Cordain et al admit that the EA data is “qualitative” and “imprecise,”  and admit "considerable room for error" involved in translating this data into energy and macronutrient intakes, yet all of their more precise quantitative conclusions about macronutrient ratios rest on this somewhat shifty foundation. 

Milton had a few things to say about this use of the EA.  In her critical editorial comments  on Cordain et al, Milton lists some of the reasons she doubts the accuracy of conclusions drawn from unselective use of the EA dietary data on "hunters:"

1 The EA is “compiled largely from 20th century sources and written by ethnographers or others with disparate backgrounds, rarely interested in diet per se or trained in dietary collection techniques.”  These people would not compile accurate objective data about diet but would give their  subjective impressions.
2  “By the 20th century, most hunter-gatherers had vanished; many of those who remained had been displaced to marginal environments.”   Marginal environments may produce less edible plant matter than richer environments favored by agriculturalists; if given a environment richer in plant resources, they might choose something else.  For example, Inuit are forced to live on an animal-based diet because their environment does not supply calorically significant plant foods.  This doesn’t tell us anything about what they would do if they inhabited the lusher environments now under the control of agricultural people.   Similarly the contemporary !Kung live in a desert; what they eat now doesn’t tell us what their ancestors ate when the Khalahari was a lush land with many large permanent lakes.
3  “Some societies coded as hunter-gatherers in the Atlas probably were not exclusively hunter-gatherers or were displaced agricultural peoples.”  More about this below.
4  “Because most of the ethnographers were male, they often did not associate with women, who typically collect and process plant resources.” 
5  “Finally, all the hunter-gatherers … included in the Atlas were modern-day humans with a rich variety of social and economic patterns and… not ‘survivors from the primitive condition of all mankind.’ (6). Their wide range of dietary behaviors does not fall into one standard macronutrient pattern that contemporary humans could emulate for better health.”

All of these factors introduce considerable room for error in the EA representations of hunter-gatherer diets, several producing a bias toward an impression that hunter-gatherers favored animal over plant foods. 

In her letter to the AJCN that also accompanied the Cordain et al paper, Milton made further remarks:


“In his 1968 analysis of hunter-gatherer diets, [Richard] Lee (8) reclassified some Atlas data and also excluded mounted hunters with guns and ‘casual’ agriculturalists from his database. In Lee's opinion, only 24 societies from all of Africa, Asia, Australia, and South America could be classified as hunter-gatherers, whereas North America alone contained >80% (135) of the 165 ‘hunting’ societies listed in the Atlas.”
“In contrast, in their analysis, Cordain et al (1) identified 229 hunter-gatherer societies in the Atlas; they also combined 2 of Lee's discrete categories (hunting and fishing) to estimate the total contribution of animal foods to energy subsistence. Given the uneven quality of most dietary data in the Atlas, the overrepresentation of hunter-gatherer societies from more temperate locales and the differences in classification and data analysis between these authors, different conclusions seem inevitable and all conclusions appear to merit closer study.”
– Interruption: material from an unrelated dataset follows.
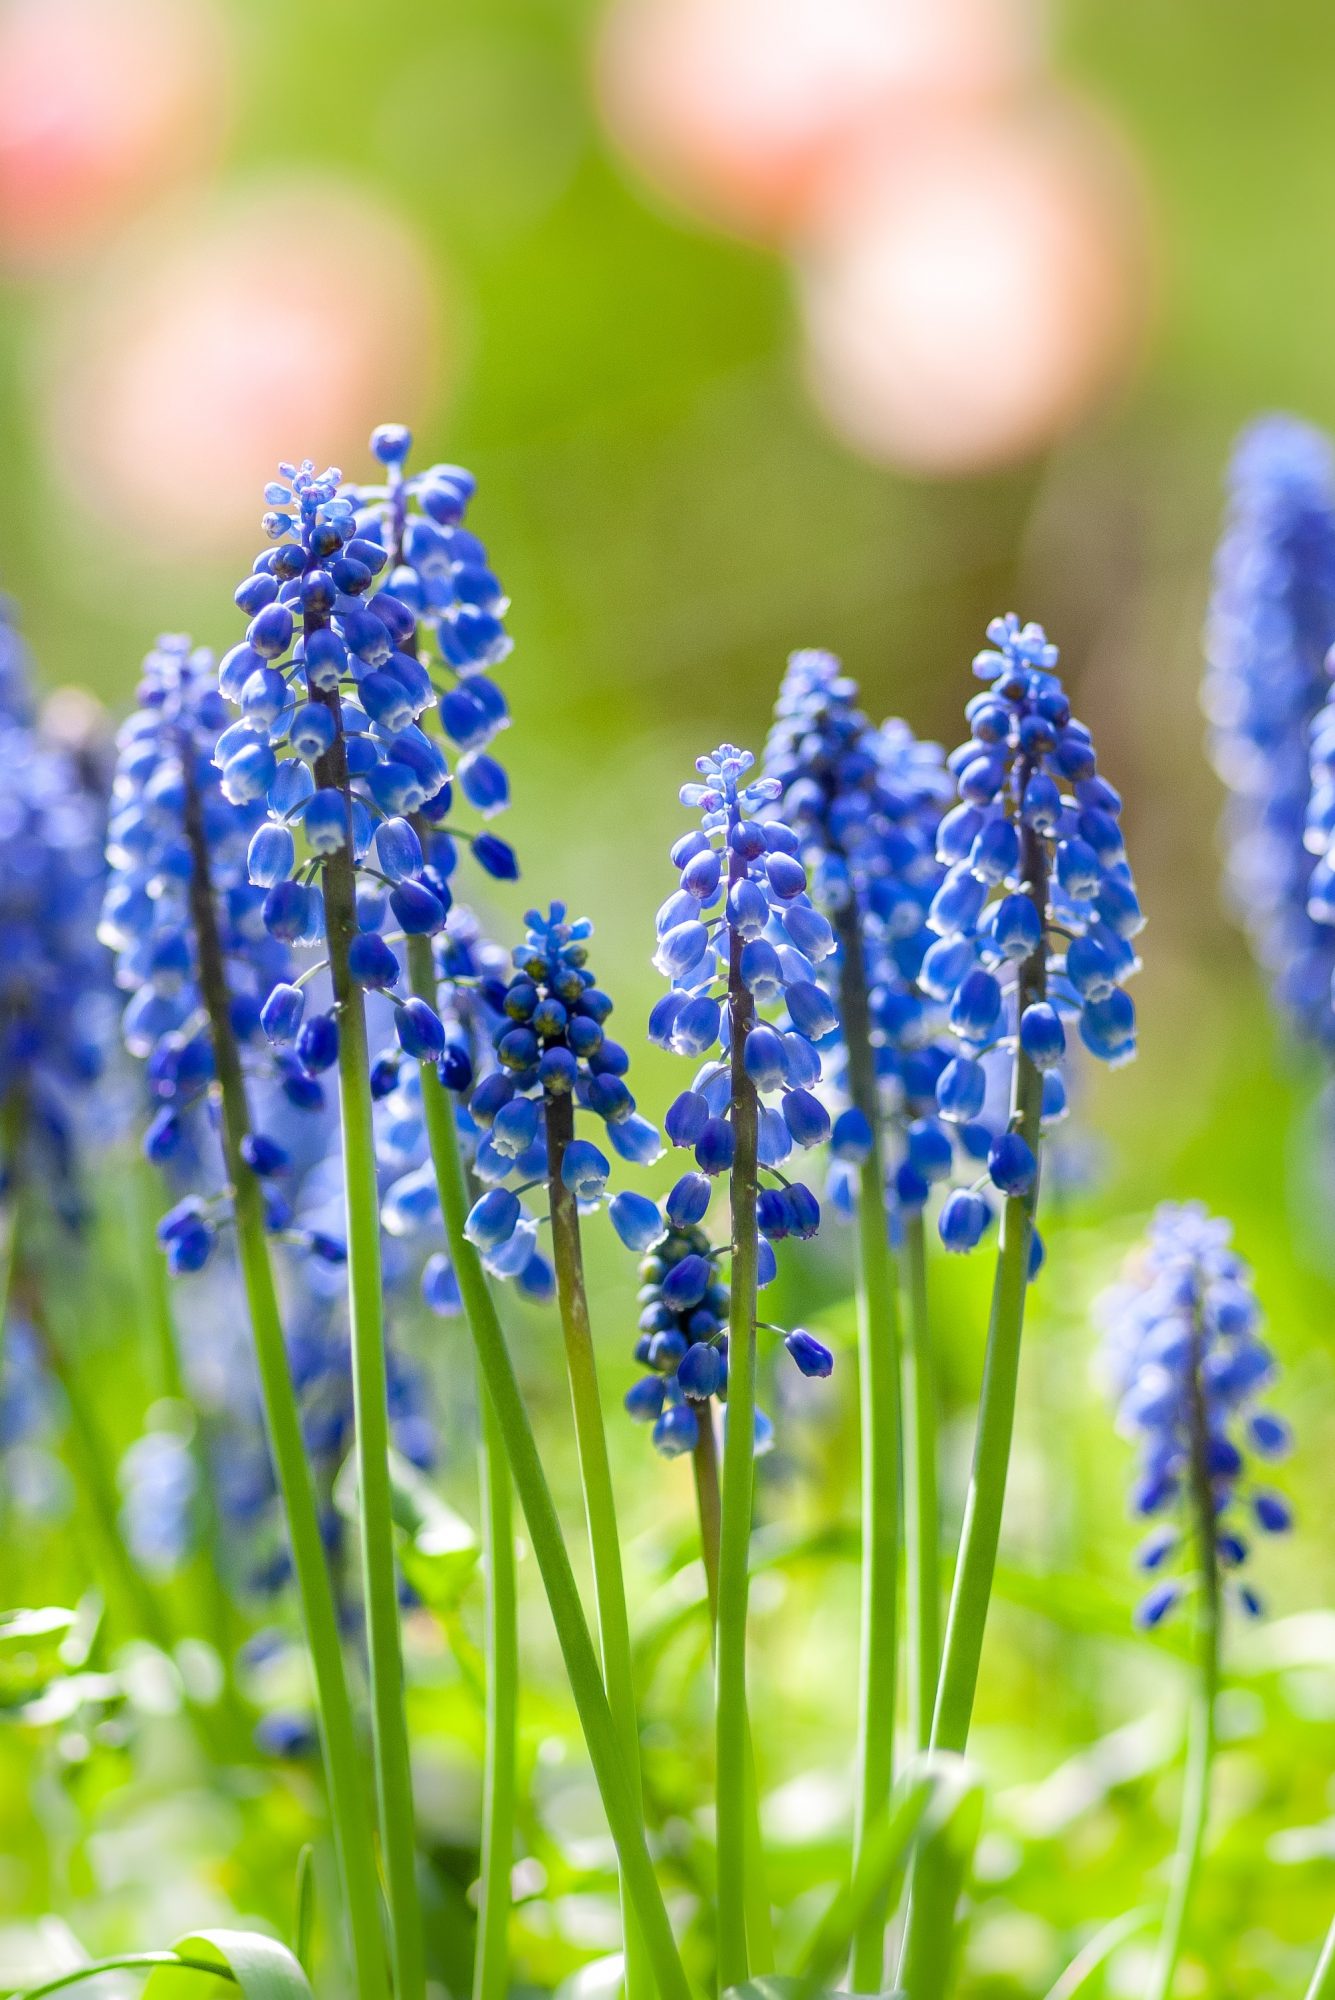 ムスカリはぶどうのような形をした青い小花を咲かせる多年草。冬の寒さにも夏の暑さにも強い、ほったらかしで毎年咲く花として寄せ植えにおすすめです。キッチンやダイニングテーブルなどに、ジャムの瓶などにたっぷりのムスカリをサッと生けるだけで、素敵なインテリアになりますよ。

Richard Lee provided his opinion in his essay “What hunters do for a living, or, how to make out on scarce resources” published in the book he edited, Man the Hunter (1968).  According to the University of Toronto Archives and Records:  “Prof Lee has published over 100 articles and chapters in books. He has authored several books including Man the Hunter (1968), Kalahari Hunter Gathers (1976), Politics and History in Band Societies (1982) and The Dobe Ju/’hoansi (2003). Most recognized is his 1979 , The !Kung San: Men and Women and Work in a Foraging Society, listed in American Scientist list of the 100 most important works in science of the 20th century.”

Now, consider Milton’s points: 

1.   Lee came to the conclusion that only 24 societies in the EA could be legitimately classified as hunter-gatherers operating in truly primitive fashion, i.e. without firearms, horses, or “casual agriculture,” but Cordain et al classified as hunter-gatherer any tribe that, according to the “subjective approximations” of Murdock, did not practice animal husbandry or agriculture at the time of observation by ethnographers or anthropologists, even if that tribe used modern firearms, or went hunting on horses instead of on foot.  The use of firearms and horses certainly increases the productivity of hunting compared to hunting on foot with primitive bow and arrow, perhaps leading some tribes to hunt--and succeed--more than they would otherwise. 
2.  None of the tribes that Lee identified as hunter-gatherers inhabited North America, whereas 80% of the tribes classified as “hunters” in the Atlas inhabited mostly 20th century North America.  In the 19th and 20th centuries, Euroamericans forced Natives of North America off of productive, agriculturally valuable lands that could produce large amounts of plant biomass, onto marginal lands like highlands and deserts where they would have little opportunity to consume plants relative to animals.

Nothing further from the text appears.